Early season brassicas

Leeks






 





Thursday, 28 October 2021

Autumn Watch

 


November is not far off and it is time to gather in produce that is susceptible to the cold nights ahead.
Surprisingly the runner bean stand is still green and still producing some edible beans (in addition to the few swollen pods left to mature and produce seed for next year)


Next door the blueberries have definitely got the message that autumn is here and are putting on a fiery display.  Still one or two berries have persisted or rather have been overlooked.  These have been left for the birds, particularly as we had a bumper crop over the summer.

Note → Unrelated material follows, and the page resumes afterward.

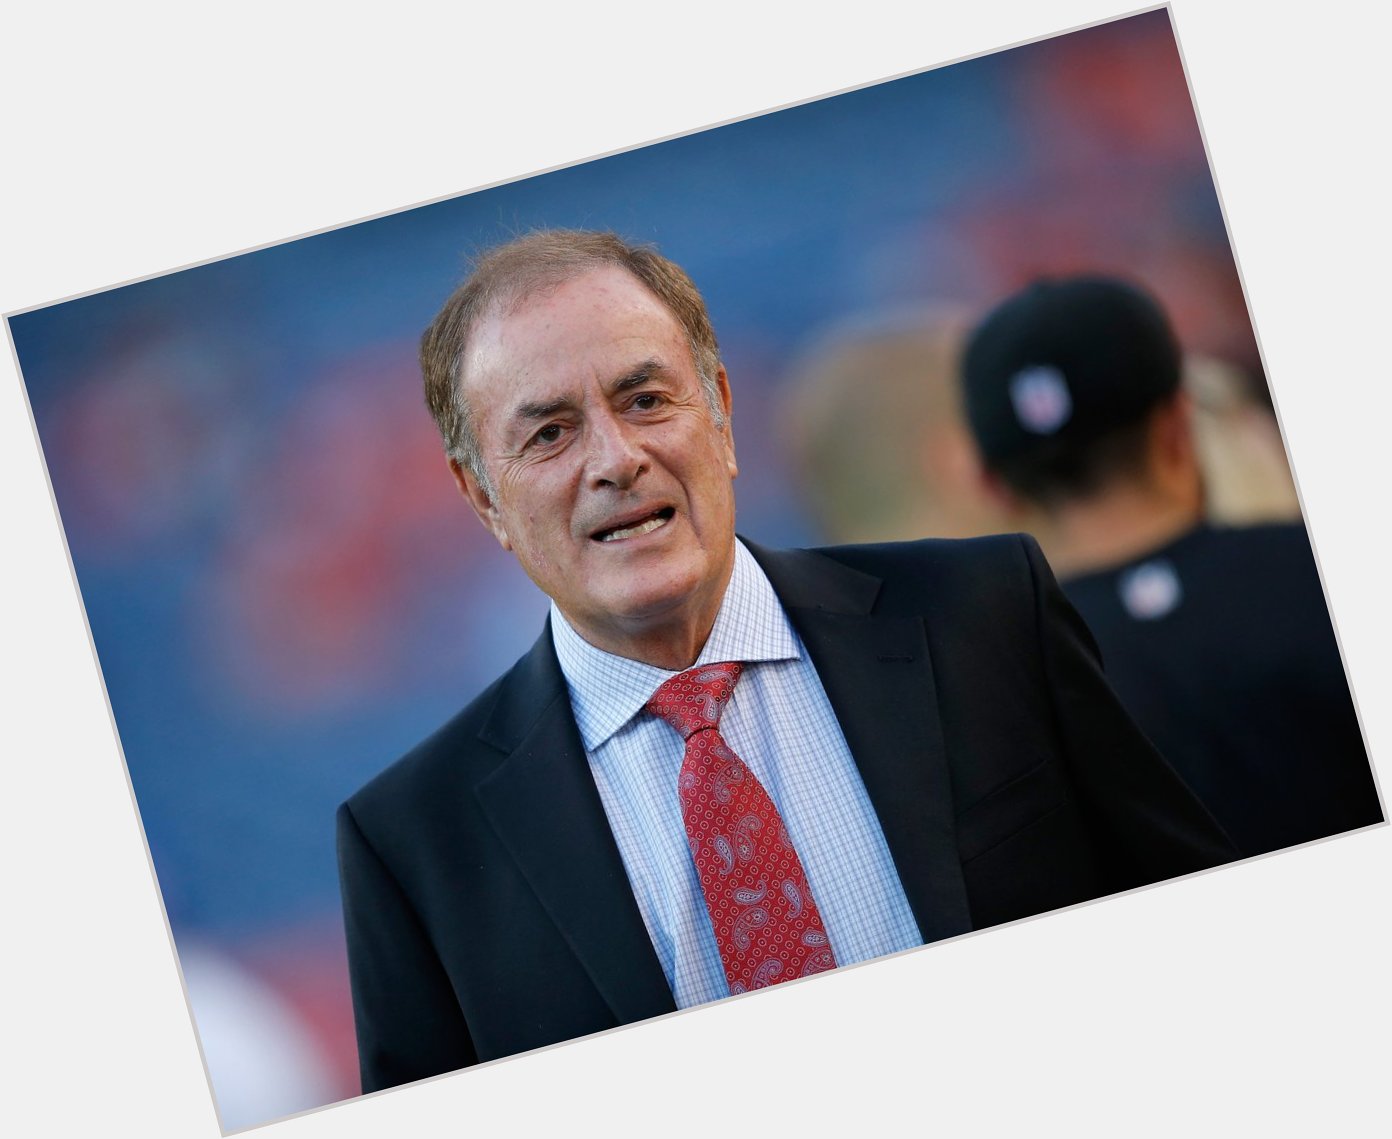 Happy Birthday to Al Michaels! He used to call games on TV but I kind of lost track of him after that.

Jack frost has not appeared yet this year, as proven by the beans. But it won.'t be long now.




Friday, 20 August 2021

Allotment Tour Summer 2021

It is a sure sign of summer progressing when your fennel is ready for harvest.  After a summer where my focus has been elsewhere I realise it is time to do my "warts and all" tour of the plot. 

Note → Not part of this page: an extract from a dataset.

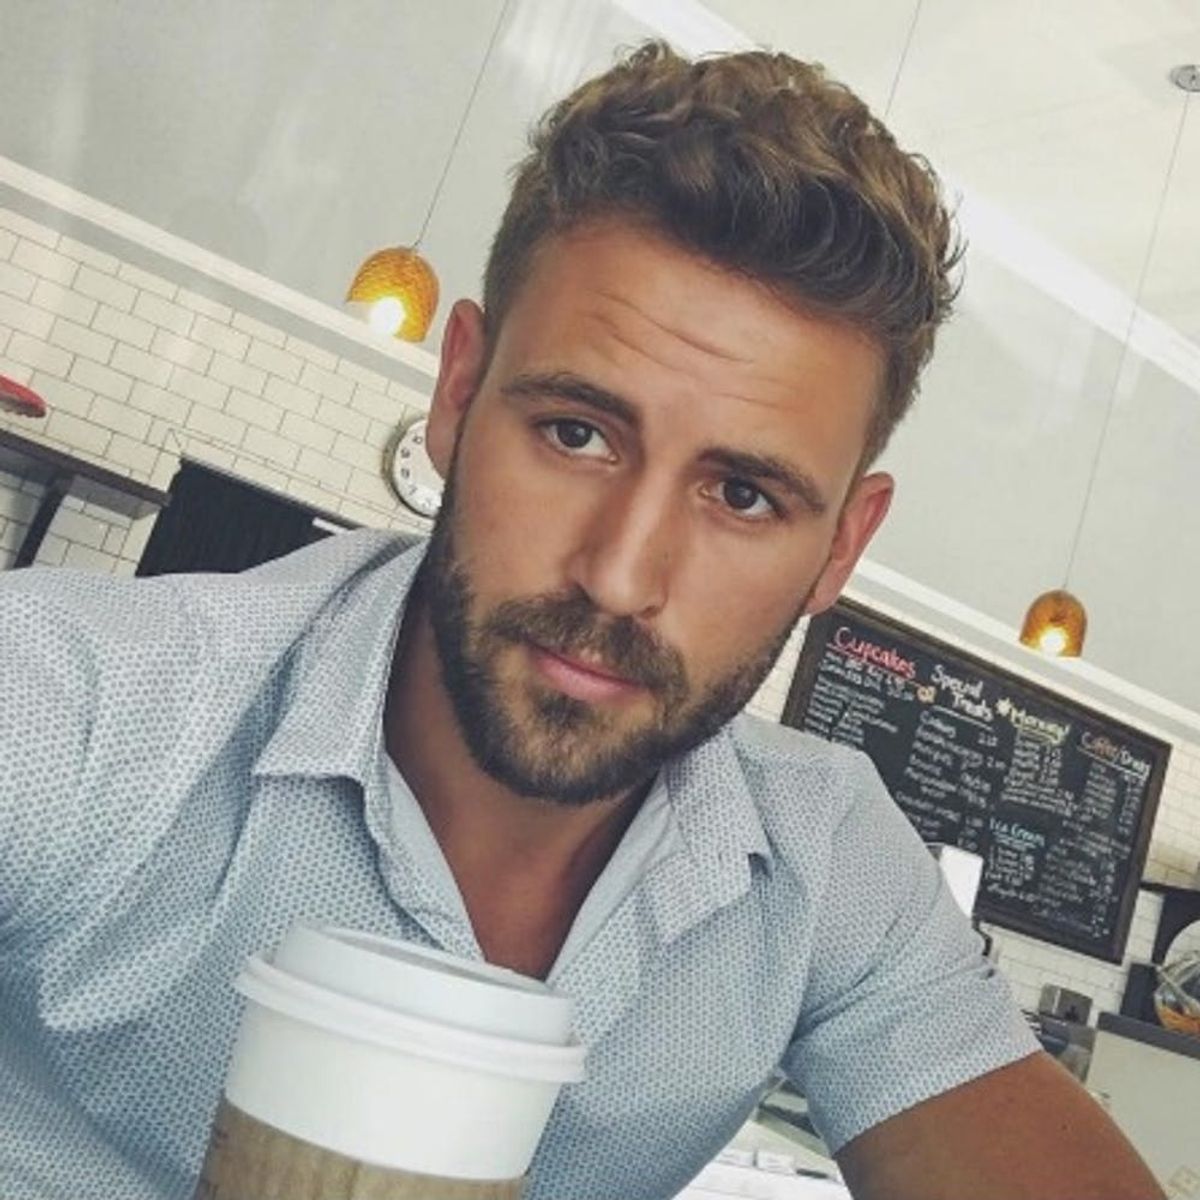 OMG: The Bachelor’s Nick Viall May Already Be Engaged

The parsnips are progressing steadily regardless of the stop start weather.  Alongside I have some second sowing of  autumn crops where the elephant garlic was.




The fruit cage is looking very green where the gooseberries and redcurrants are, A really good redcurrant crop but only a few gooseberries. I might have been a bit vigorous with my winter pruning?  The blackberries and autumn raspberries behind are yet to come. The two summer varieties are finished


Spring planted Onion from sets are flopping over of their own accord.  The early leeks behind show no such tendancy. 

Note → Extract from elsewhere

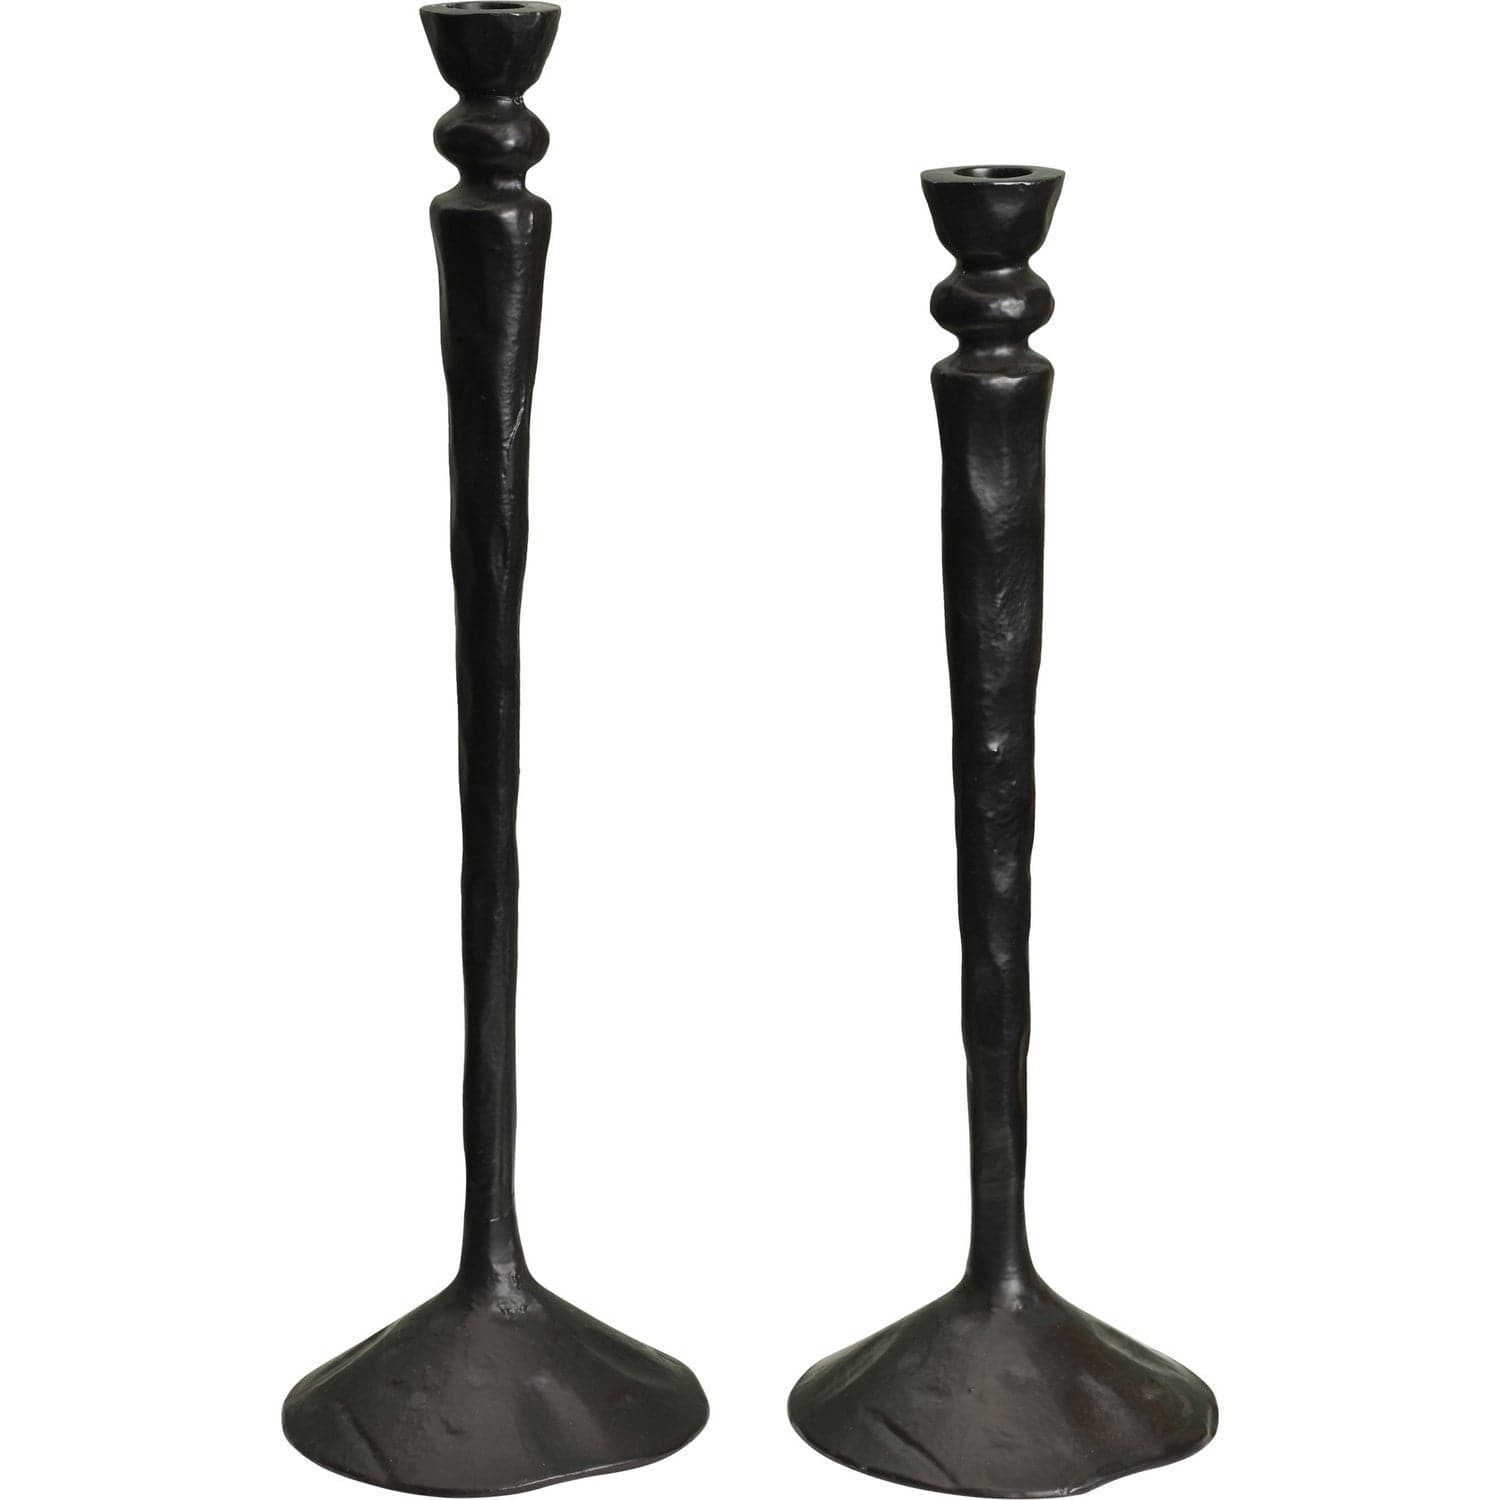 Renwil - CAN156 - Home Accents - Candles/Holders

For the first time I have tried to grow onions from seed too.  They are behind the celery and celeriac in this bed.  (It is also the first time I have tried to grow celery)


Moving along to the brassica patch there are three distinct phases as indicated by the height of the plants. The early cabbages and cauliflower are all gone but the Brussels remain tall and now suitably distanced. 




Further along the beans are hitting their peak.  Both Runners.

and Dwarf French




The winter squashes are the sea of green next door to the beans - although there are some flowers.  Fruits?  So far three marrow sized courgettes.



The foreground bare patch here is where the peas were and are now sown with winter leaves (Land Cress , Claytonia and Lamb's Lettuce.



Bringing up the rear I have hedged my bets trying to establish an asparagus bed but growing strawberries in between - at least until the asparagus gets going. It was grown from seed. (The rhubarb blueberries and globe artichoke just get on with their business year after year.)    


The final area is not very pretty,  It is the potato patch with nearly all of the tops cut off.  It looked like this in the middle of June.



But now it looks like this.





Hope you enjoyed the tour around my patch.